Publication | Open Access
Target identification among known drugs by deep learning from heterogeneous networks
343
Citations
100
References
2020
Year
Developing affordable treatments is difficult without complete drug target knowledge. The study develops deepDTnet, a deep learning method for target identification and drug repurposing using a heterogeneous drug‑gene‑disease network. deepDTnet was trained on 732 FDA‑approved small‑molecule drugs and uses a heterogeneous network embedding to predict novel targets. deepDTnet predicted topotecan as a novel ROR‑γt inhibitor (IC50 = 0.43 µM) and showed therapeutic benefit in a mouse multiple sclerosis model, demonstrating its utility for drug repurposing.

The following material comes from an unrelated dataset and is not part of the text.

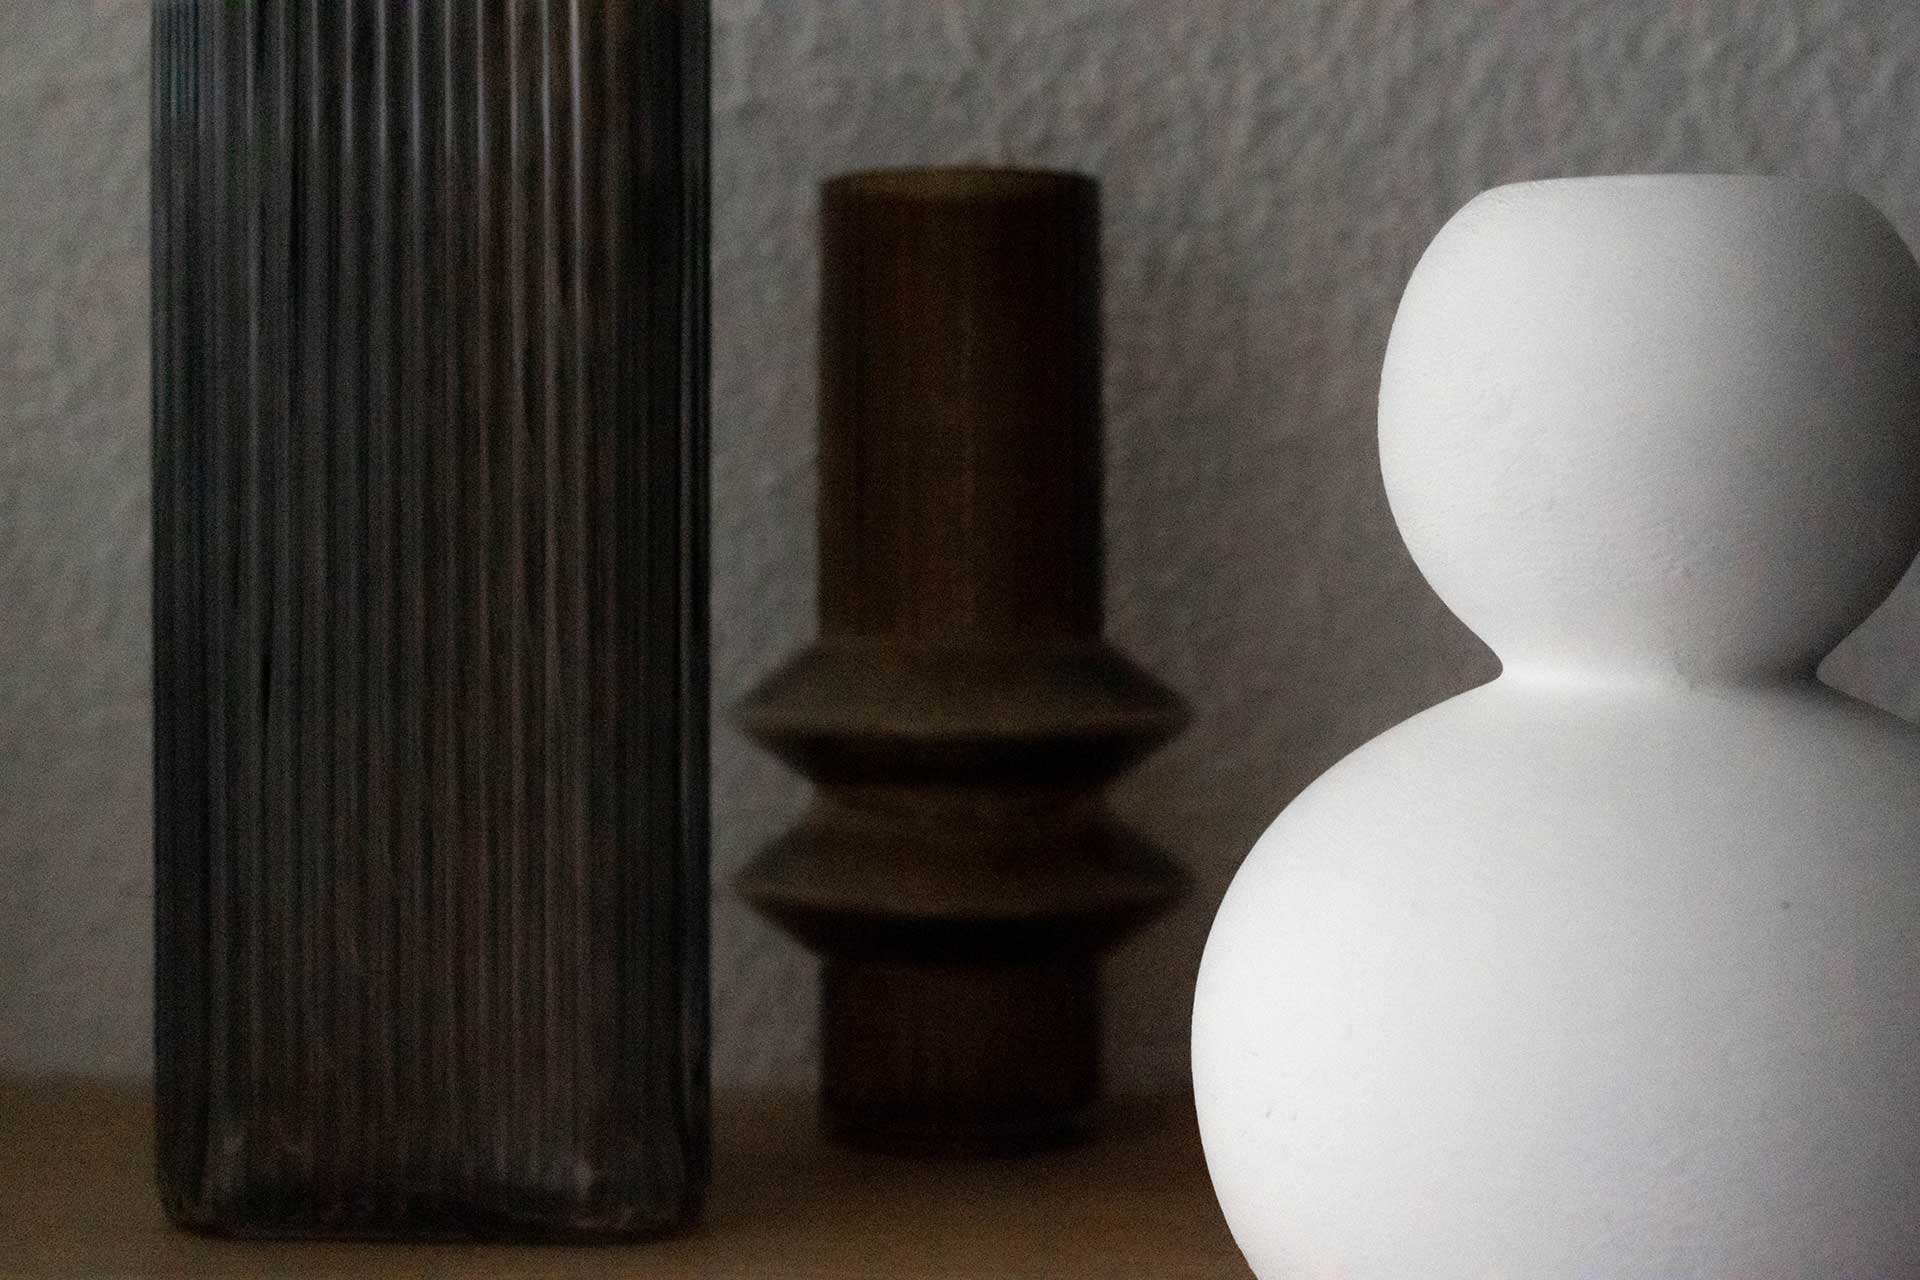 Mit diesen einfachen, aber effektiven Tipps kannst du Vasen dekorieren, um deinem Zuhause eine elegante Atmosphäre zu verleihen. Es gibt viele Möglichkeiten, mit denen du noch heute beginnen kannst!

Without foreknowledge of the complete drug target information, development of promising and affordable approaches for effective treatment of human diseases is challenging. Here, we develop deepDTnet, a deep learning methodology for new target identification and drug repurposing in a heterogeneous drug-gene-disease network embedding 15 types of chemical, genomic, phenotypic, and cellular network profiles. Trained on 732 U.S. Food and Drug Administration-approved small molecule drugs, deepDTnet shows high accuracy (the area under the receiver operating characteristic curve = 0.963) in identifying novel molecular targets for known drugs, outperforming previously published state-of-the-art methodologies. We then experimentally validate that deepDTnet-predicted topotecan (an approved topoisomerase inhibitor) is a new, direct inhibitor (IC50 = 0.43 μM) of human retinoic-acid-receptor-related orphan receptor-gamma t (ROR-γt). Furthermore, by specifically targeting ROR-γt, topotecan reveals a potential therapeutic effect in a mouse model of multiple sclerosis. In summary, deepDTnet offers a powerful network-based deep learning methodology for target identification to accelerate drug repurposing and minimize the translational gap in drug development.